I'm running a job that runs a Pandas UDF to GROUP BY a large matrix.
The GROUP BY function runs on a wide dataset. The first column of the dataset contains string labels that are GROUPed on. The remaining columns are numeric values that are aggregated in the Pandas UDF. The dataset is very wide, with 50,000 columns and 3 million rows.
| label_col | num_col_0 | num_col_1 | num_col_2 | --- | num_col_50000|
| label_a | 2.0 | 5.6 | 7.123 |
| label_b | 11.0 | 1.4 | 2.345 |
| label_a | 3.1 | 6.2 | 5.444 |
My job runs fine on smaller datasets, with the same number of columns but fewer rows. However, when run on a dataset with 3 million rows, I see the following exception:
20/05/05 23:36:27 ERROR Executor: Exception in task 66.1 in stage 12.0 (TID 2358)

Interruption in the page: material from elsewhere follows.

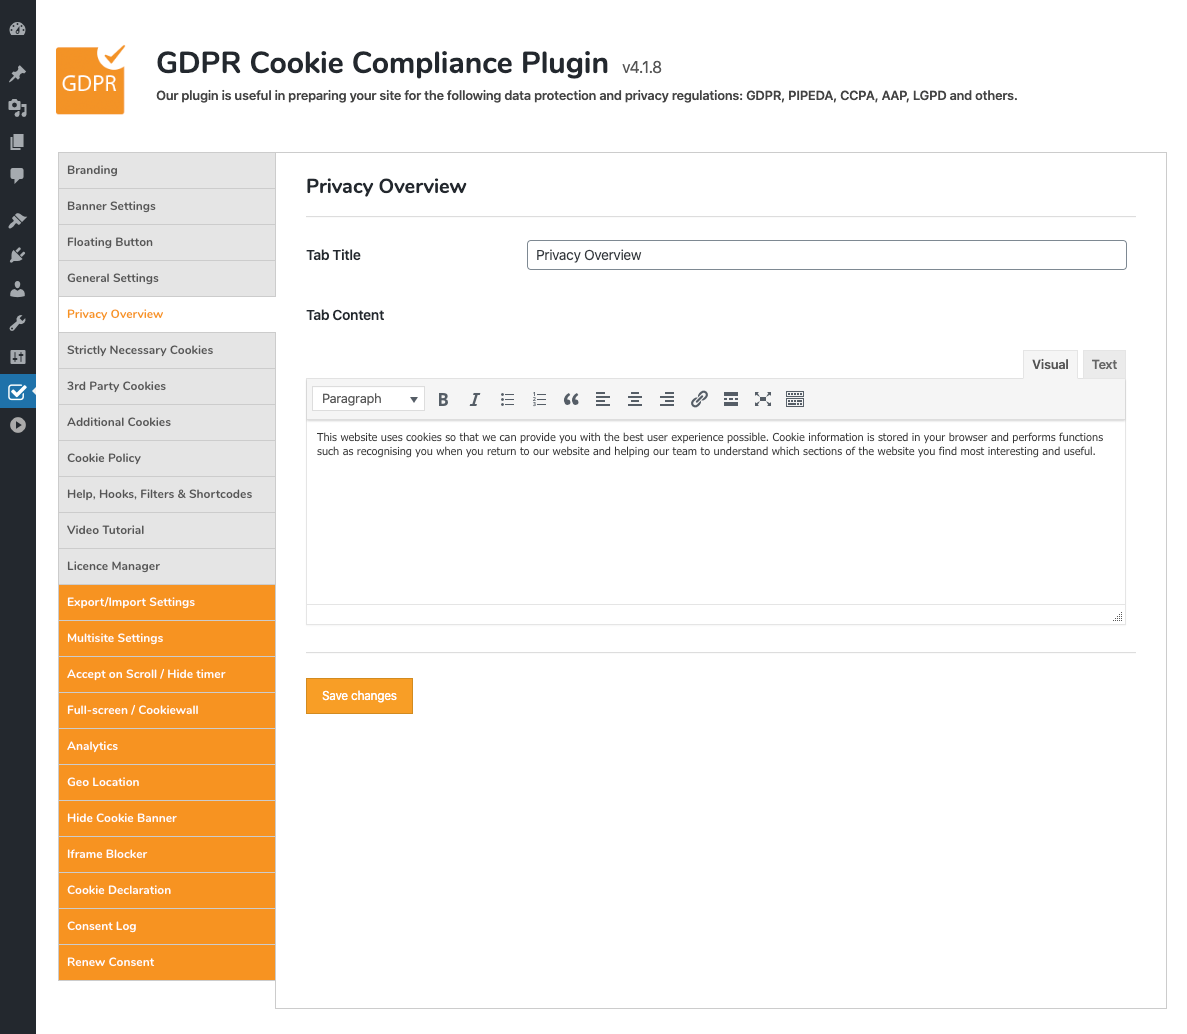 GDPR Cookie Compliance - Admin - Privacy Overview

org.apache.spark.api.python.PythonException: Traceback (most recent call last):
File "/mnt/yarn/usercache/hadoop/appcache/application_1588710822953_0001/container_1588710822953_0001_01_034974/pyspark.zip/pyspark/worker.py", line 377, in main
File "/mnt/yarn/usercache/hadoop/appcache/application_1588710822953_0001/container_1588710822953_0001_01_034974/pyspark.zip/pyspark/worker.py", line 372, in process
serializer.dump_stream(func(split_index, iterator), outfile)
File "/mnt/yarn/usercache/hadoop/appcache/application_1588710822953_0001/container_1588710822953_0001_01_034974/pyspark.zip/pyspark/serializers.py", line 286, in dump_stream
for series in iterator:
File "/mnt/yarn/usercache/hadoop/appcache/application_1588710822953_0001/container_1588710822953_0001_01_034974/pyspark.zip/pyspark/serializers.py", line 303, in load_stream
for batch in reader:
File "pyarrow/ipc.pxi", line 266, in __iter__
File "pyarrow/ipc.pxi", line 282, in pyarrow.lib._CRecordBatchReader.read_next_batch
File "pyarrow/error.pxi", line 83, in pyarrow.lib.check_status
pyarrow.lib.ArrowIOError: read length must be positive or -1
Looking at this issue<https://issues.apache.org/jira/browse/ARROW-4890>
, it looks like PyArrow has a 2GB limit for each shard that is sent to the grouping function.
I'm currently running this job on 4 nodes with 16cores and 64GB of memory each.
I've attached the full error log here as well. What are some workarounds that I can do to get this job running? Unfortunately, we are running up to a production release and this is becoming a severe blocker.